Case evidence in death of WWII veteran offers no new insight on motive

Digital files released this month in the case of two teens accused of beating to death an 88-year-old World War II veteran in Spokane last summer offer a compelling look into the lives of the suspects and an angry community.

What they don’t show is new insight into why the violent death occurred.

Among the files, a breathless 911 call relaying the violence visible inside Delbert Belton’s Ford sedan juxtaposes with the Facebook selfies and middle-school basketball tournament brackets downloaded by suspects Kenan Adams-Kinard, 17, and Demetruis Glenn, 16, who remain jailed on charges of killing Belton.

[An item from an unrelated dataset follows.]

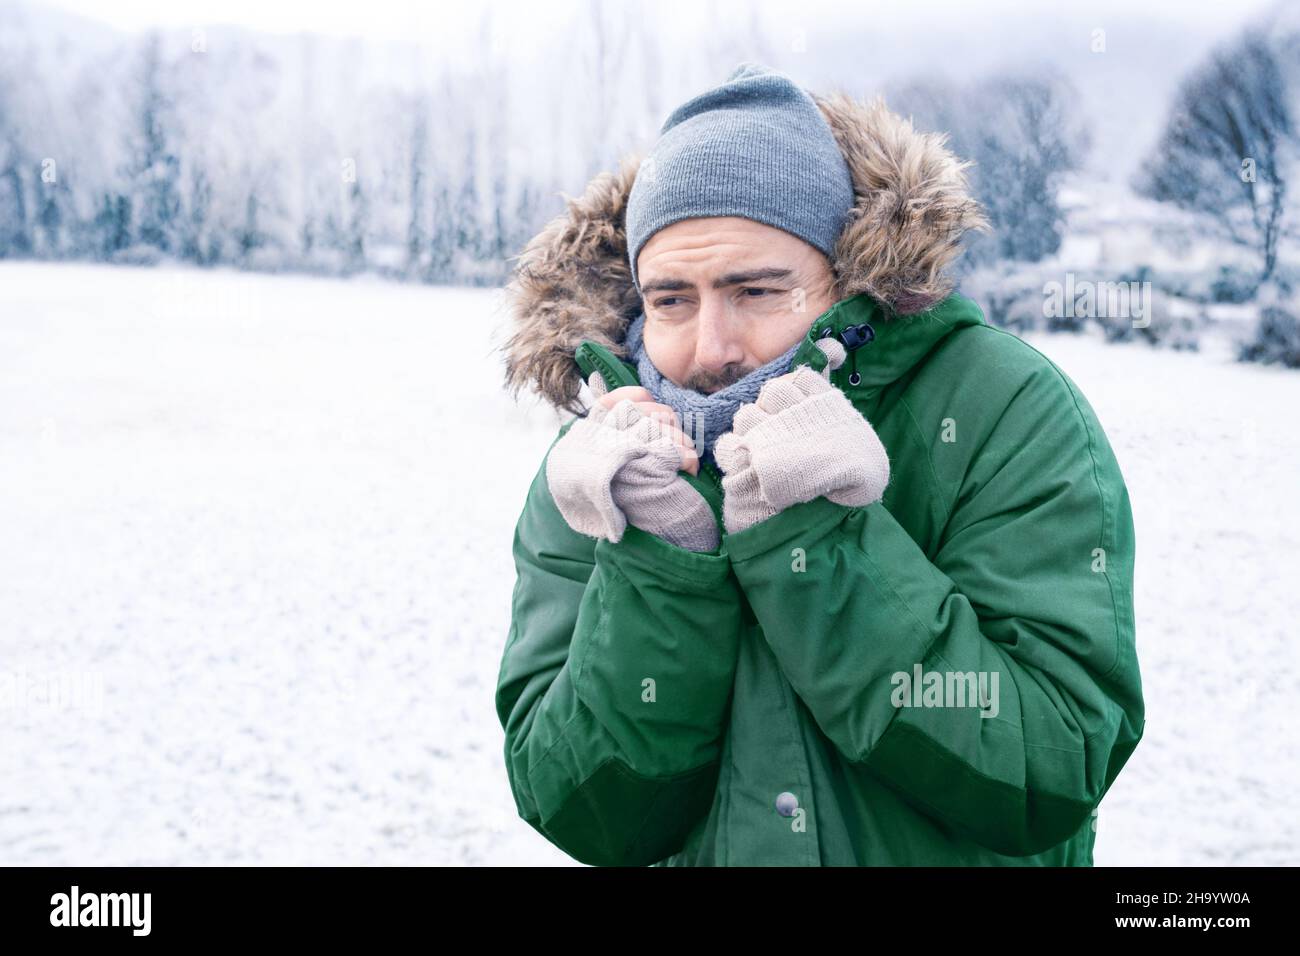 Man In Winter Clothes Shivering From The Cold Stock Photo, Picture and  Royalty Free Image. Image 12116568.

“He’s not talking, but he grabbed my hand,” Natalie Flom can be heard telling a dispatcher on 911 tapes. She is a friend of Belton’s who first found him bloodied in the parking lot of the Eagles Lodge Ice Rink around 8:15 p.m. Aug. 21. Belton died the next morning.

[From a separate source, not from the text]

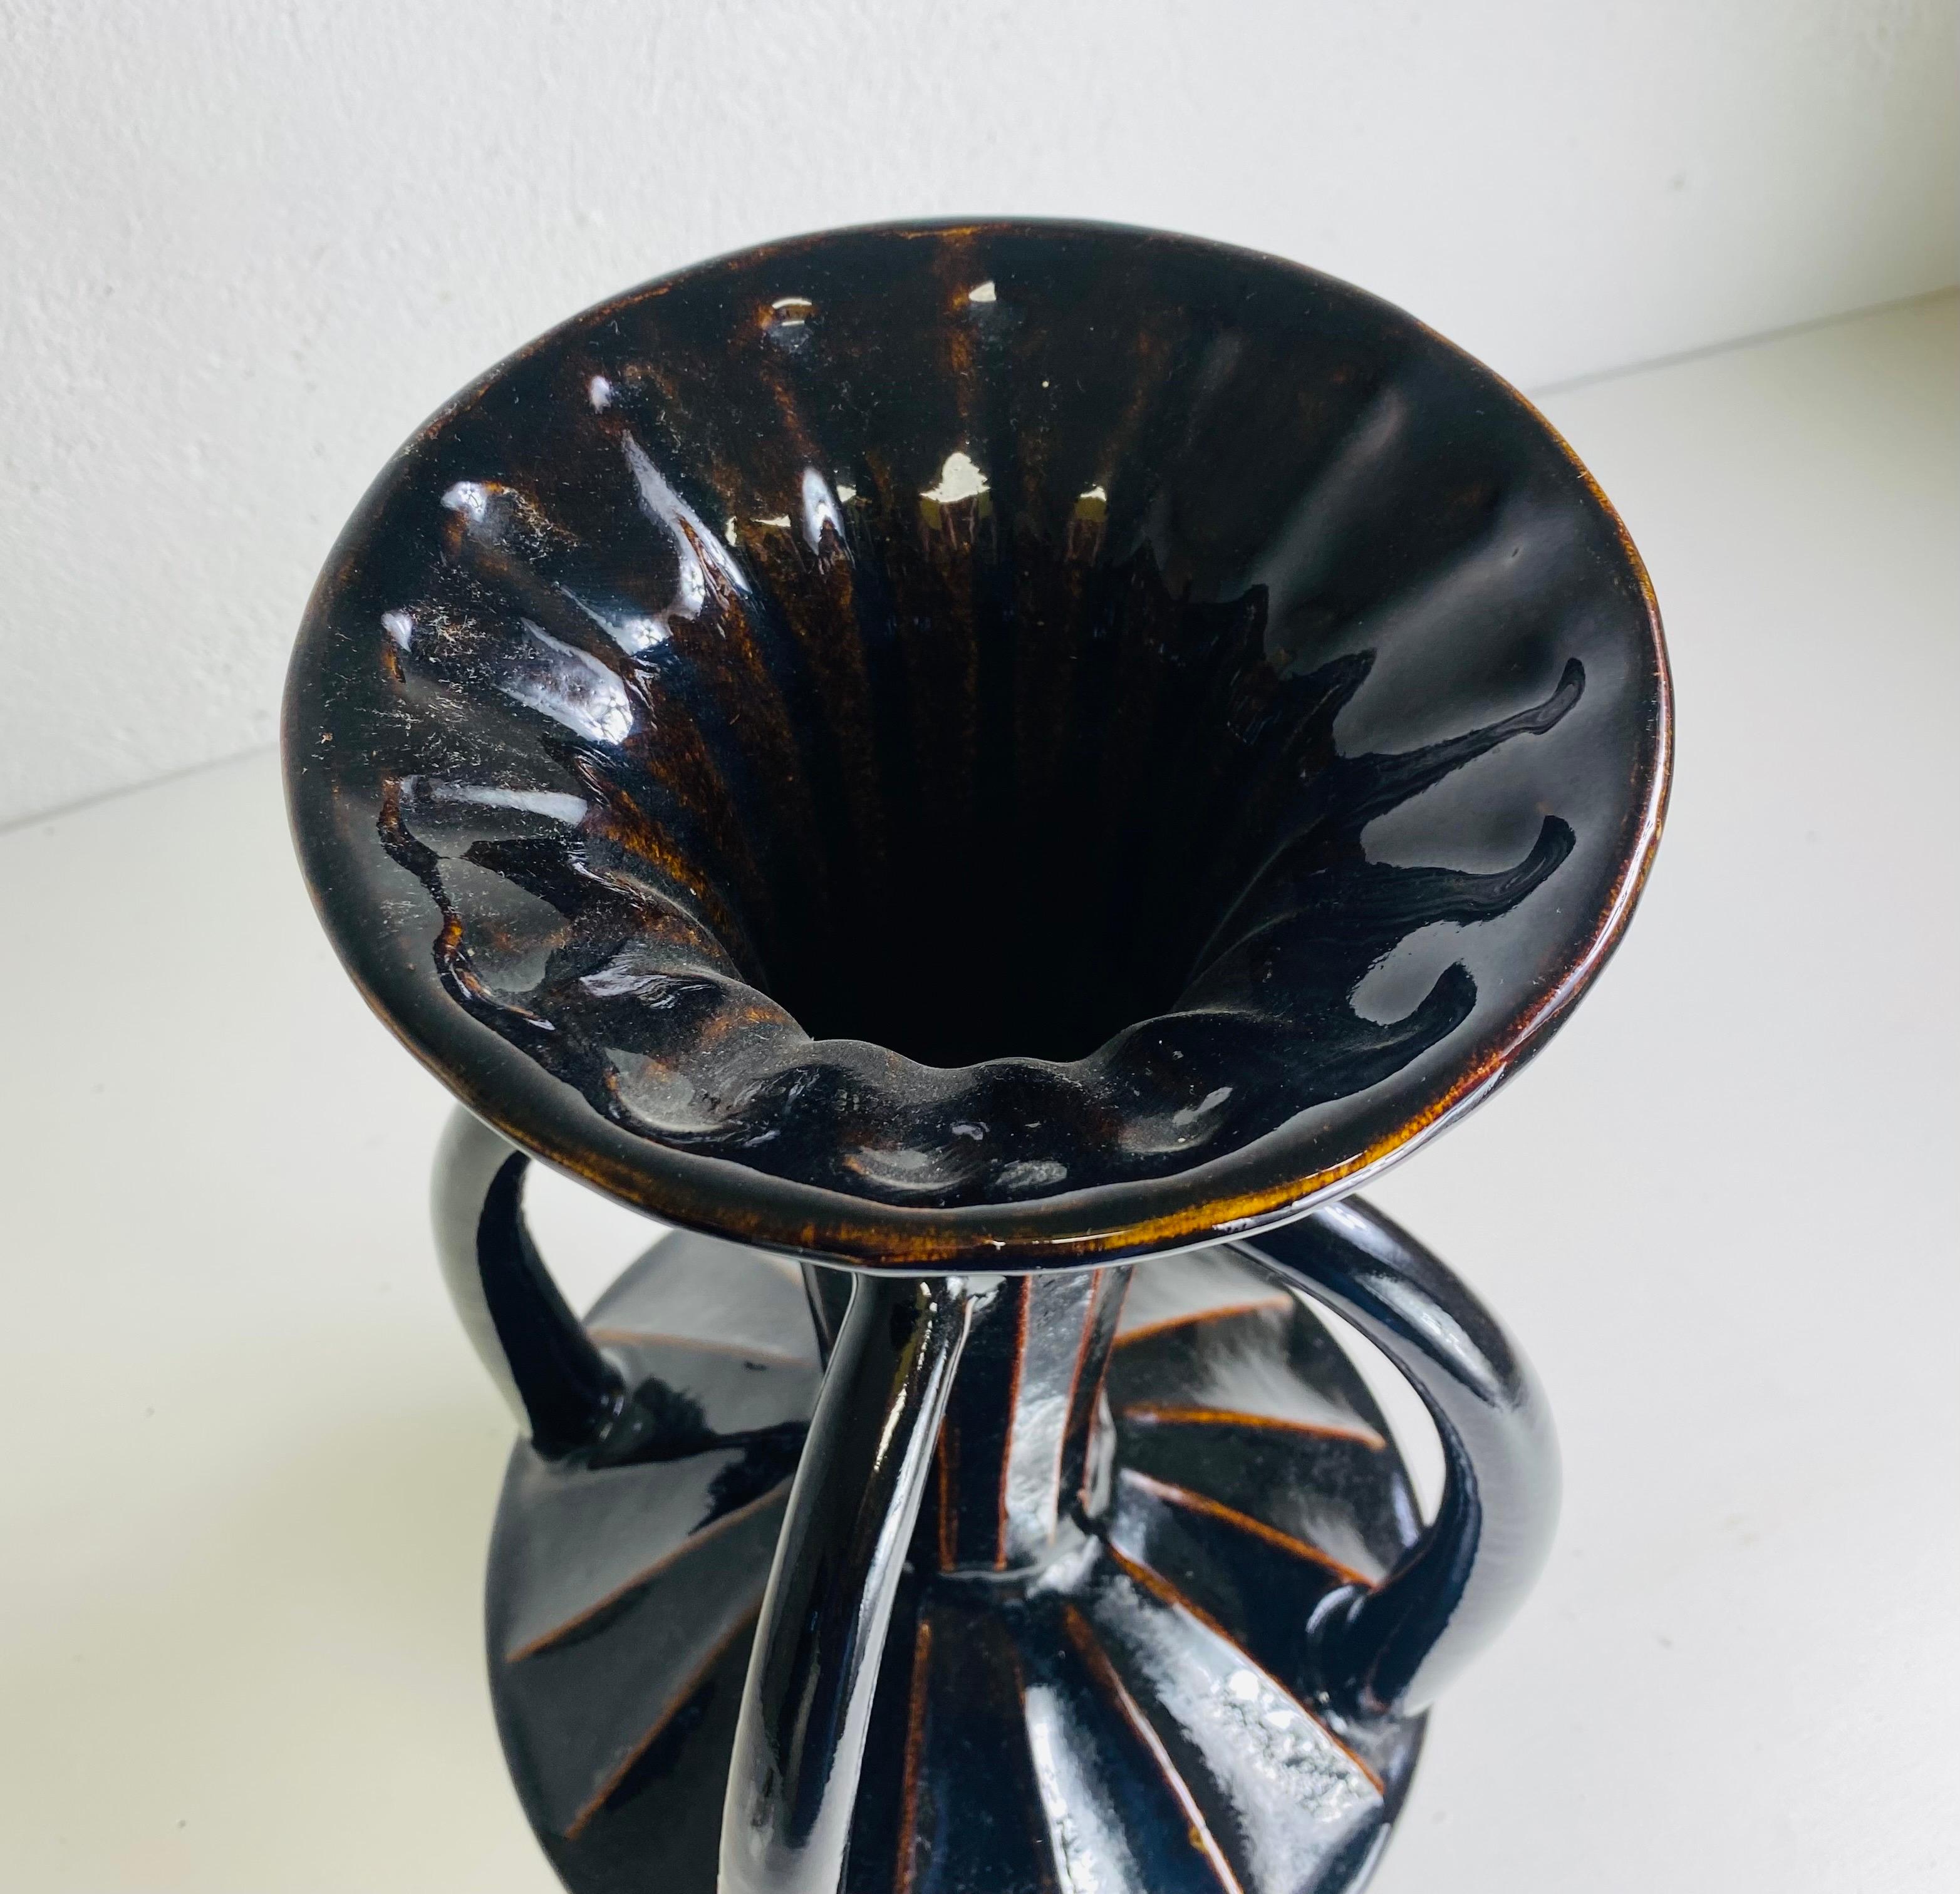 This is a large mid century vintage, espresso brown pottery vase. This vase features four large exaggerated handles with a ribbed detail to the center of the vase. This vase has a dark espresso brown glaze with an amber undertone.

The evidence includes a photograph of a purported confession letter linked to Adams-Kinard. While Glenn surrendered within a few days of the beating death, police found Adams-Kinard in a friend’s basement apartment. After he walked out of the home to surrender, investigators searching the property found the handwritten note describing a drug deal gone wrong that has provided the only motive for the attack.

“My intentions were to get a zip of crack and be on my way,” reads the letter, which has Adams-Kinard’s name signed at the bottom. The letter is written in a looping hand and blue ink that differs from the scratchy signature in the bottom-left margin. It describes the beating and claims Belton gave a smaller amount of drugs than was owed.

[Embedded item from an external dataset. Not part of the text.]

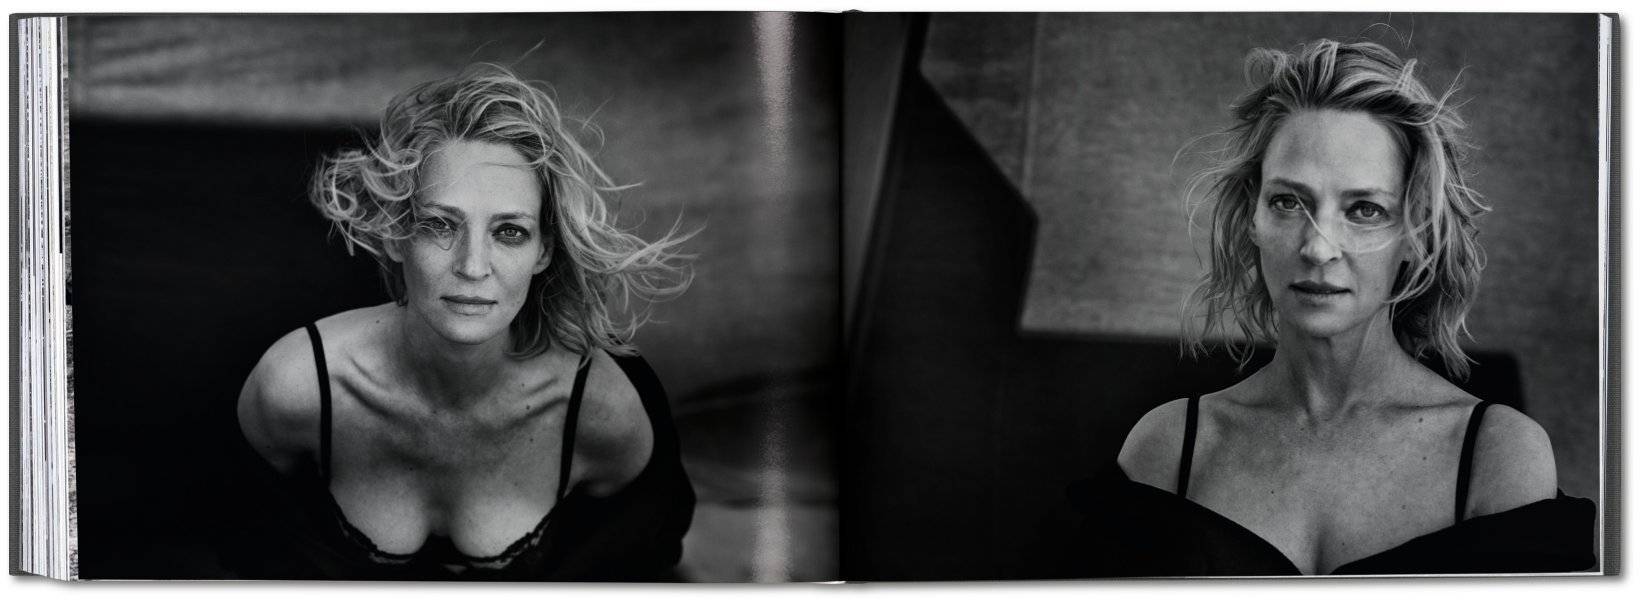 “Shadows on the Wall”: Peter Lindbergh captures today’s great actresses

It concludes: “He was unconscious so I made sure he was still breathing, and then I took off.”

Belton’s family and friends vehemently deny the claim that he dealt drugs.

Police seized cellphones and combed the teens’ social media records. They found typical teen life: basketball game and practice schedules; pictures of 2012 Hoopfest warm-ups and high-top sneakers; selfies in sports gear; even a syllabus for an entry-level community college communications class.

And they found some troubling posts, including pictures of a teen holding large daggers in a bedroom, and others showing marijuana buds next to cheeseburgers.

When news of the killing broke and police announced they were searching for two black teens, public fury exploded.

False tips and bogus speculation on the Internet came from across the region and even as far away as Texas.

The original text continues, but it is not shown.